Functional JavaScript: Pure functions
In my previous article, I talked about what functional programming is and a simple example of how to write non-functional code to functional. I did give a brief description of what a pure function is but I will dig deeper in this article
Pure Functions
A pure function is an independent function that returns an output based on the input, does not rely on external mutable state or produce side effects (alter external state, network and database calls) and does not modify the arguments passed to it. For the same input the output will always be the same. They make for simple reusable blocks in your code base.
When asked, “What are the advantages of writing in a language without side effects?,” Simon Peyton Jones, co-creator of Haskell, replied, “You only have to reason about values and not about state. If you give a function the same input, it’ll give you the same output, every time. This has implications for reasoning, for compiling, for parallelism.”
An example of a pure function is Math.cos(9). Running this will always return the same value no matter where, when or how many times you run it. The response will always be `-0.9111302618846769` and if you replace the function with this value you can be confident nothing will break.
Impure functions
Now that it’s clear what pure functions are, here’s a brief description and a few examples of what impure functions are and do.
An impure function can have a side effect (i.e network/database call), can mutate the values passed to it and the return value does not solely depend on the input.
Math.random() always has a different output value with every invocation. This means it is impure and you cannot replace this value `0.2620022373037849` in place of the function.
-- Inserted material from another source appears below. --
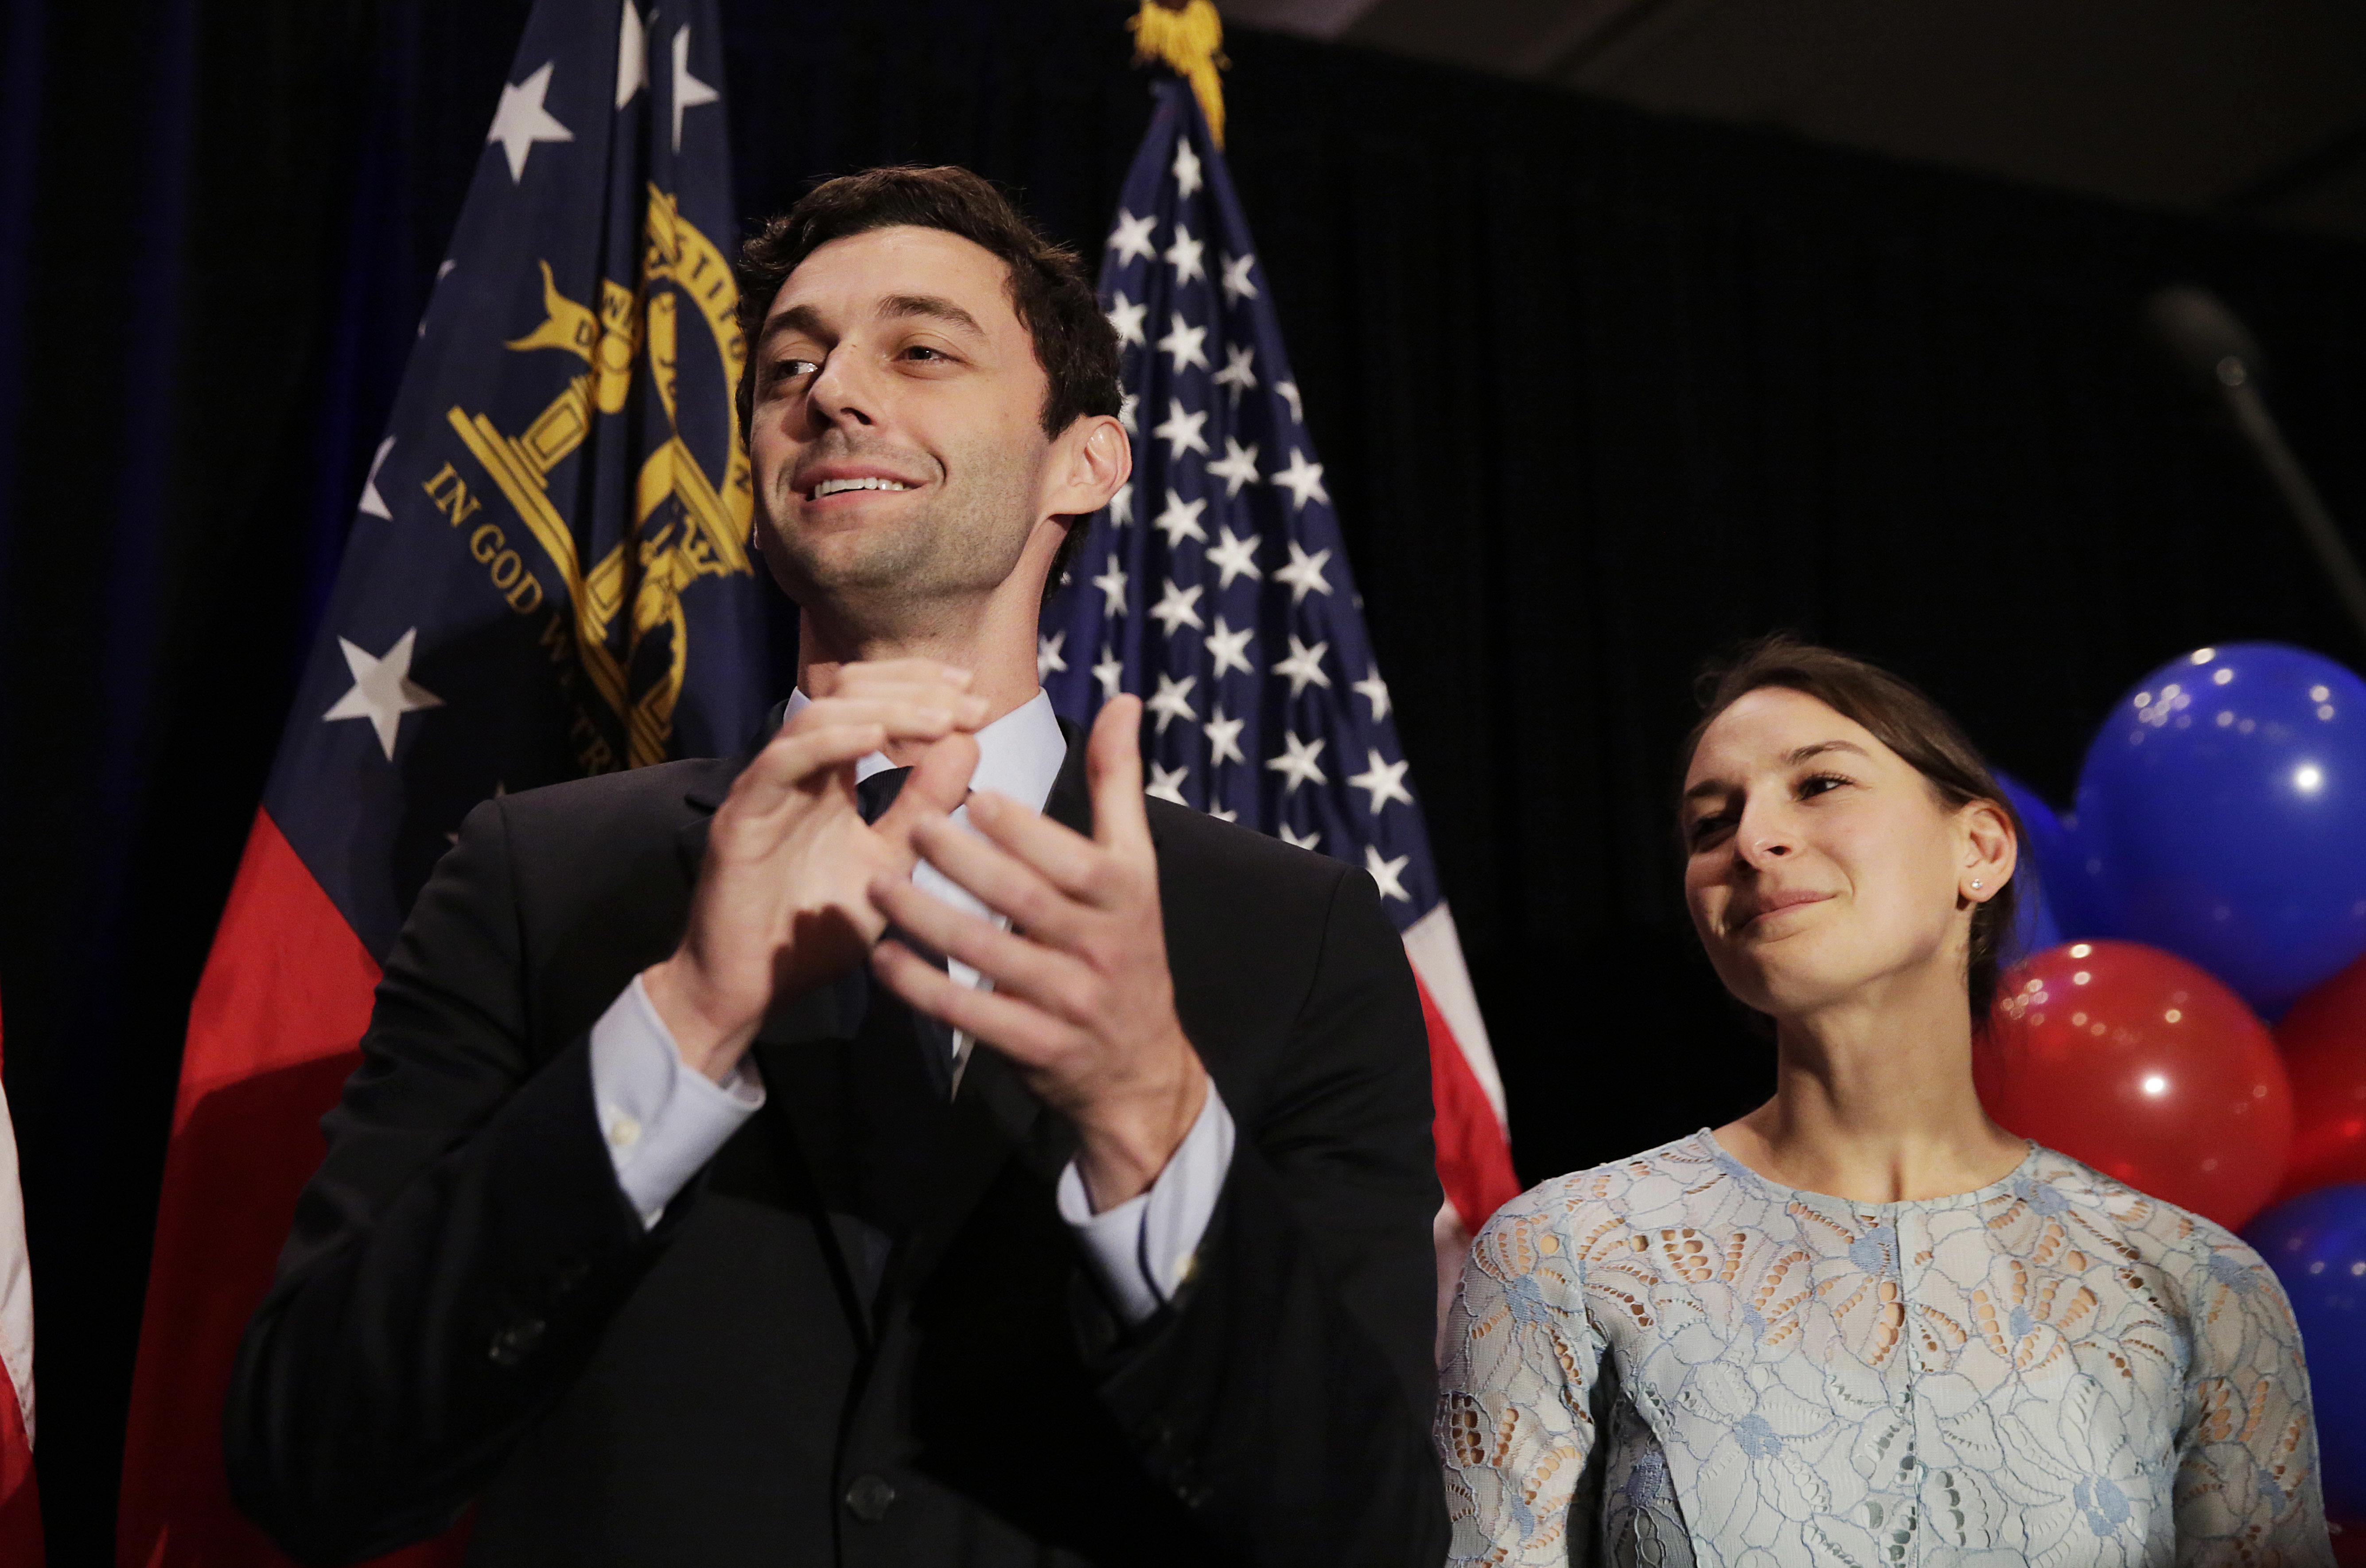 Jon Ossoff, Dem, seeks to unseat David Perdue, Republican, in Georgia

console.log is also impure since it causes a side effect by logging to the console.
Benefits of Pure Functions
Debugging.
Since a pure function does not depend on any external state, it means you do not have to look at the external scope when debugging. This makes things easier.
Testing.
A pure function is independent thus testing is basically about testing the outputs of particular inputs. No side effects to mock or stub.
Easy to reason about.
It’s easy to tell what a pure function algorithm is doing as it does not perform any I/O or cause any side effects, or depend on an external state.
Parallelization.
From Wikipedia’s functional section:
If there is no data dependency between two pure expressions, then their order can be reversed, or they can be performed in parallel and they cannot interfere with one another.
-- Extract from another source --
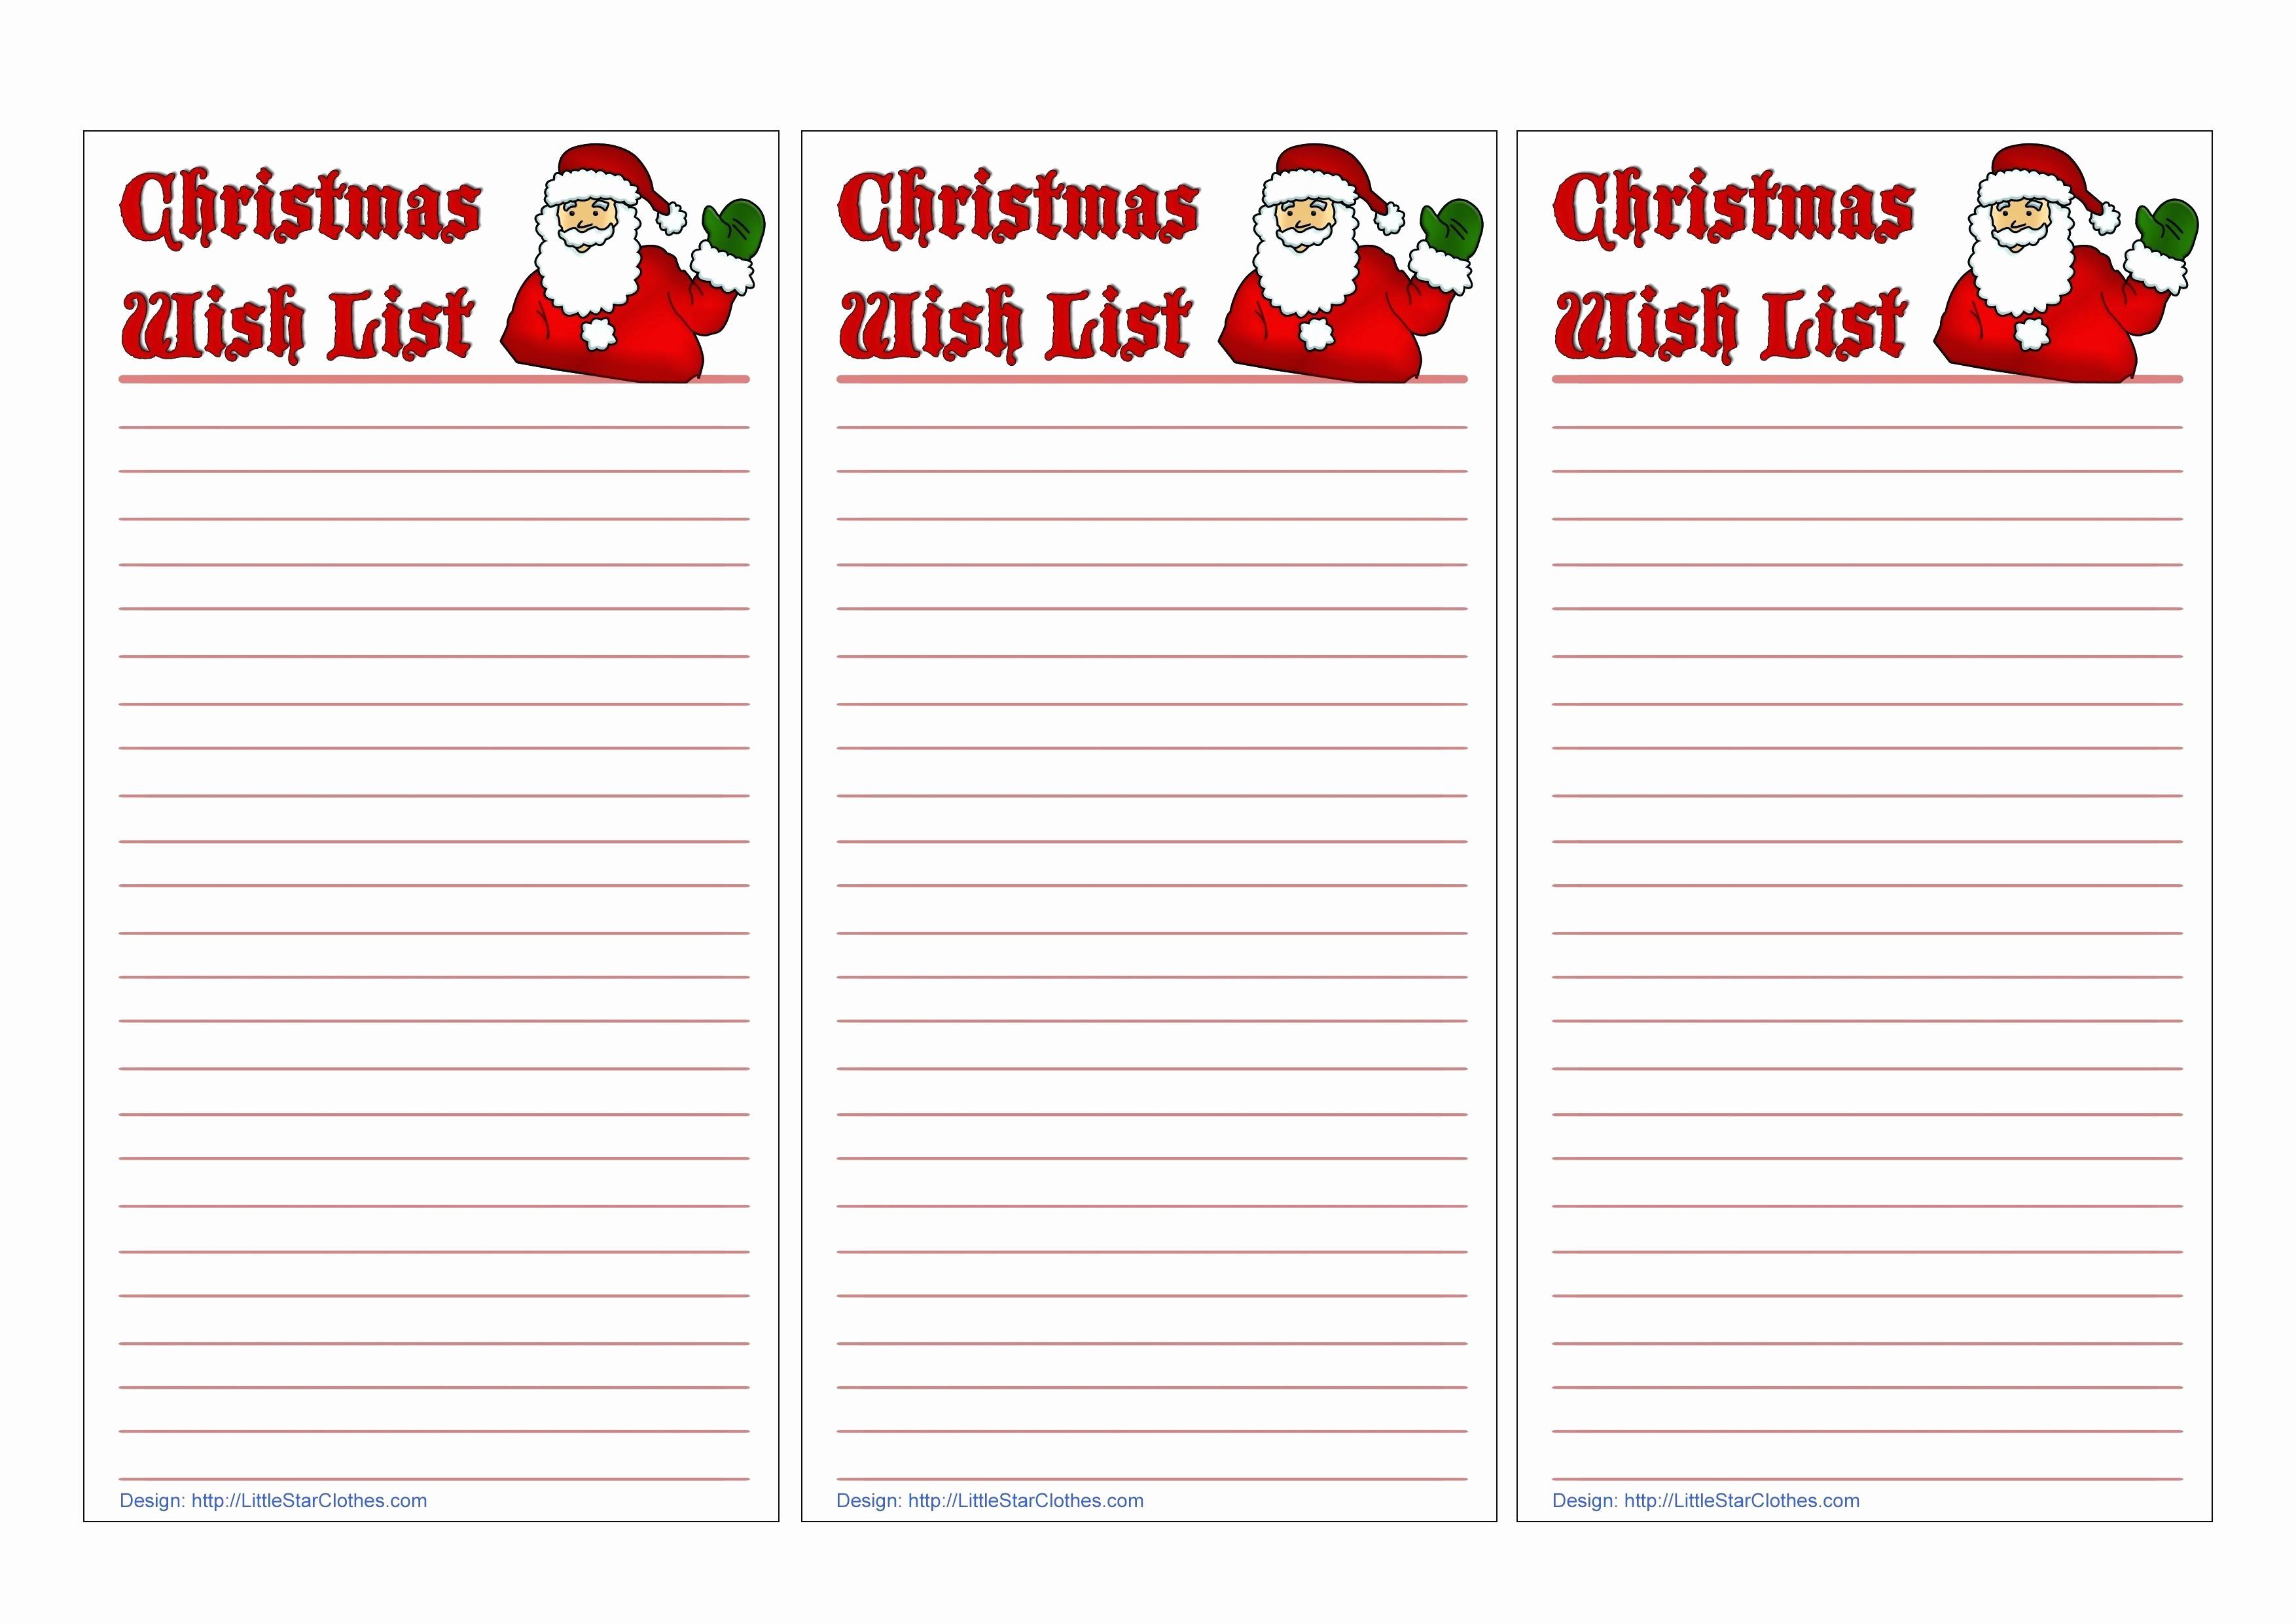 Birthday Wish List Template Printable Elegant Birthday T List Template thevillas

If the entire language does not allow side-effects, then any evaluation strategy can be used; this gives the compiler freedom to reorder or combine the evaluation of expressions in a program
With this, it becomes easier to write concurrent applications using FP
Referential Transparency.
Referential Transparency is when you can substitute the output of an expression for the expression without experiencing a change in behavior. Substituting an expression with its result value is possible if the result is computed based only on the input and not dependent on any side effects that may cause uncertainties.
From HaskellWiki, they define Referential Transparency as:
Referential transparency is an oft-touted property of (pure) functional languages, which makes it easier to reason about the behavior of programs. I don’t think there is any formal definition, but it usually means that an expression always evaluates to the same result in any context
Pure functions will always return the same output for the same value and this then means you can simply replace the expression with the output value.
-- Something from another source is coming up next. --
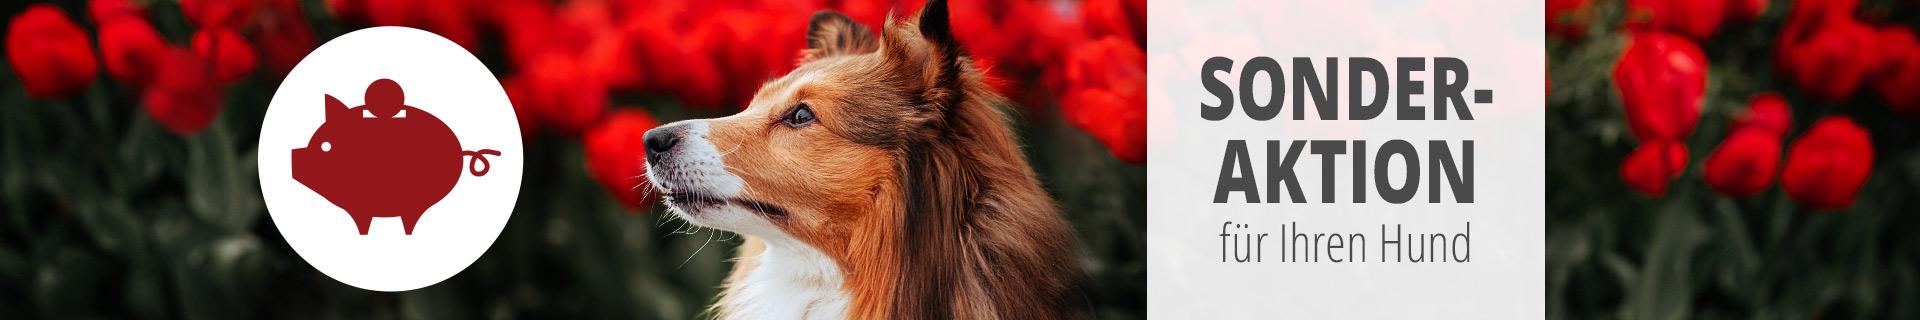 Sonderaktion Hund

This also helps with caching optimizations such as memoization.
Memoization
Since for the same input we get the same exact output, we can cache the computed result and return it every time the function is called, thus preventing the function being executed again if the result value exists. The purpose of this is to increase performance.
Wikipedia defines memoization as:
In computing, memoization is an optimization technique used primarily to speed up computer programs by storing the results of expensive function calls and returning the cached result when the same inputs occur again.